Code Monkey home page Code Monkey logo

Comments (9)

OCRmyPDF-issuebot avatar OCRmyPDF-issuebot commented on May 18, 2024

Comment by jbarlow83
Sat Sep 20 06:33:15 2014


pdfbeads (a ruby project) attempts to do that although it has issues with aligning the hidden OCR text layer with the image and some crash bugs, and the documentation is mainly in Russian.

I've looked into making the changes for OCRmyPDF. It would be a major overhaul/rewrite and would call for a new PDF generation backend.

from ocrmypdf.

OCRmyPDF-issuebot avatar OCRmyPDF-issuebot commented on May 18, 2024

Comment by b21e
Sat Sep 20 07:57:02 2014


jbig2enc itself is quite stable, now it recognises also quite well the resolution of the images.

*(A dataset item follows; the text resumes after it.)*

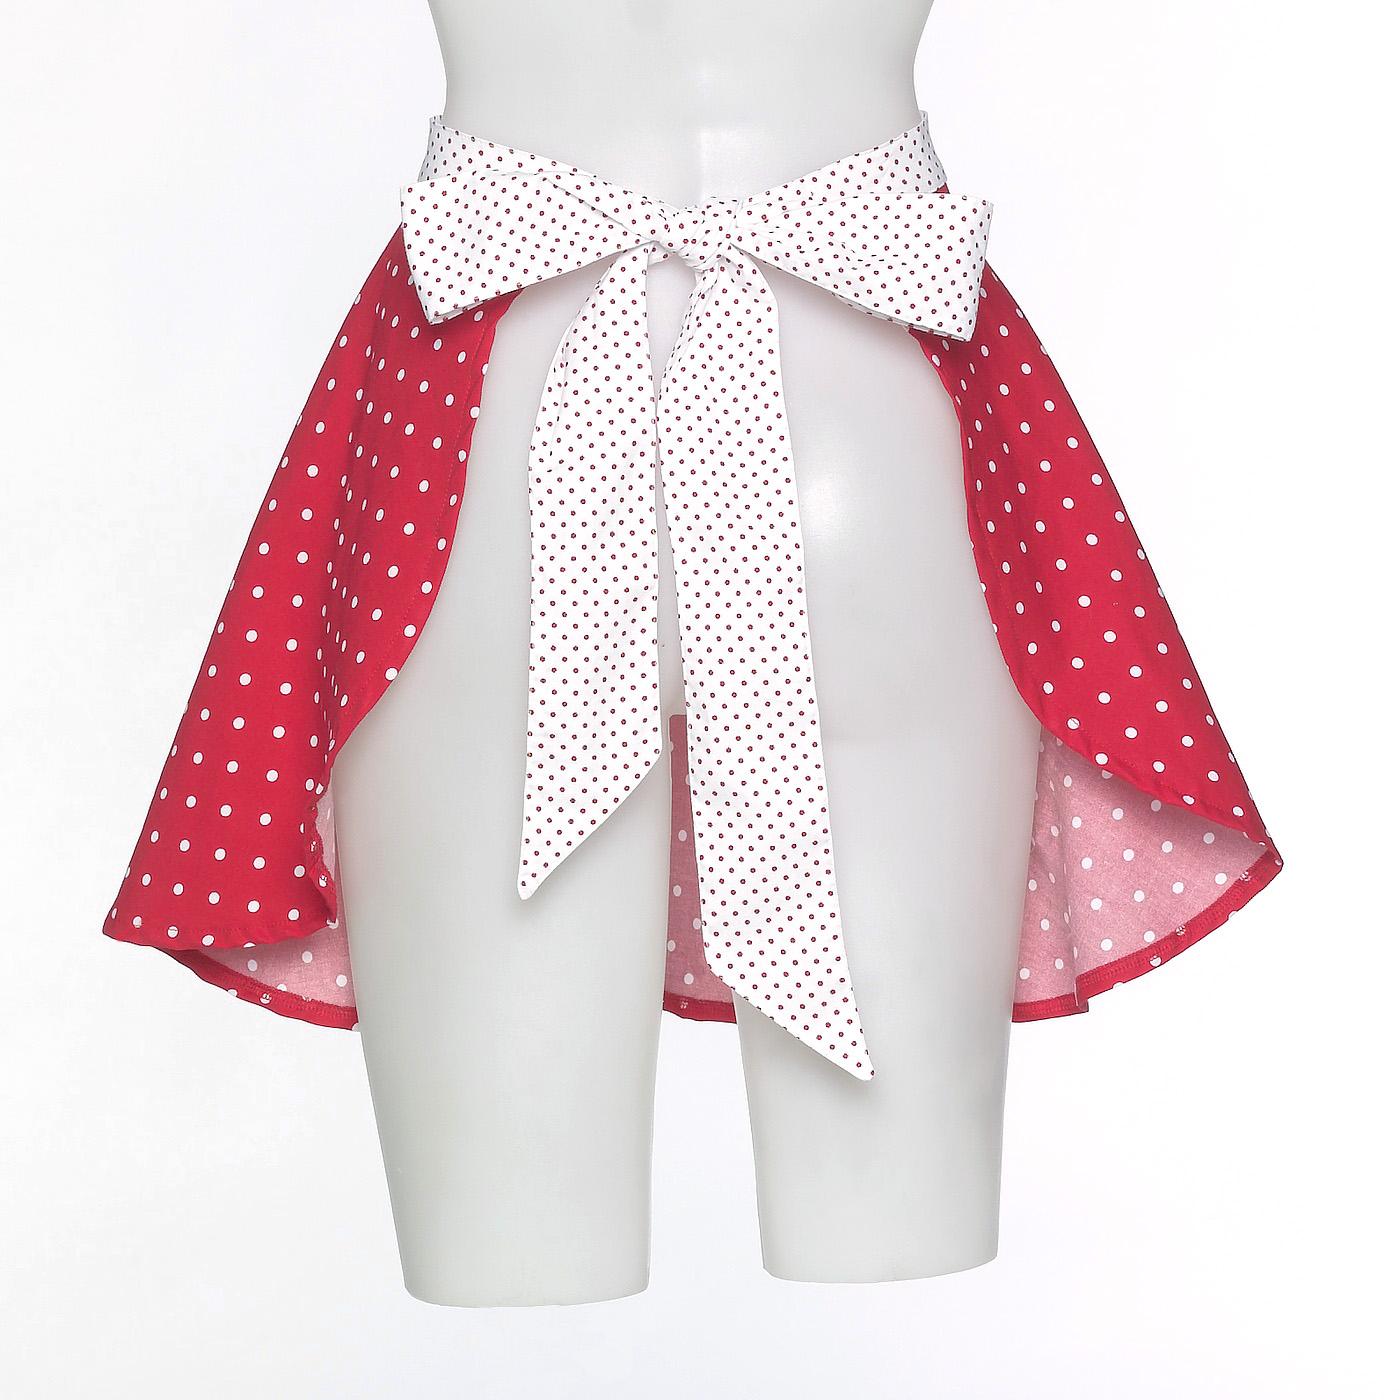 Buy white apron nz - Vintage Inspired Pinnie Polka Dot Apron

There is also support for basic foreground background separation. There's a one page script in python for generation of multilayer pdf for an earlier version of jbig2enc. When this script was written the recognition of the resolution of the pdf still did not work reliably. In short for scans jbig2 is a must, but on linux this is still not available.

from ocrmypdf.

OCRmyPDF-issuebot avatar OCRmyPDF-issuebot commented on May 18, 2024

Comment by b21e
Sat Sep 20 08:38:25 2014


If one is willing to use more than one graphics library leptonica written in c for jbig2enc and for text foreground and background separation gamera written in python for didjvu all the ingredients are already there and well tested.

from ocrmypdf.

jbarlow83 avatar jbarlow83 commented on May 18, 2024

Blocked as discussed in #48

from ocrmypdf.

blaueente avatar blaueente commented on May 18, 2024

Blocked as discussed in #48

As #48 is now solved, does it make sense to reopen?
Is anyone interested in implementing or helping to implement? @jbarlow83 : Do you think this is feasible, and would you accept patches for such a functionality?

from ocrmypdf.

jbarlow83 avatar jbarlow83 commented on May 18, 2024

Jbig2enc is currently supported along with optimization (although it can be inconvenient to install since many distributions don't distribute it).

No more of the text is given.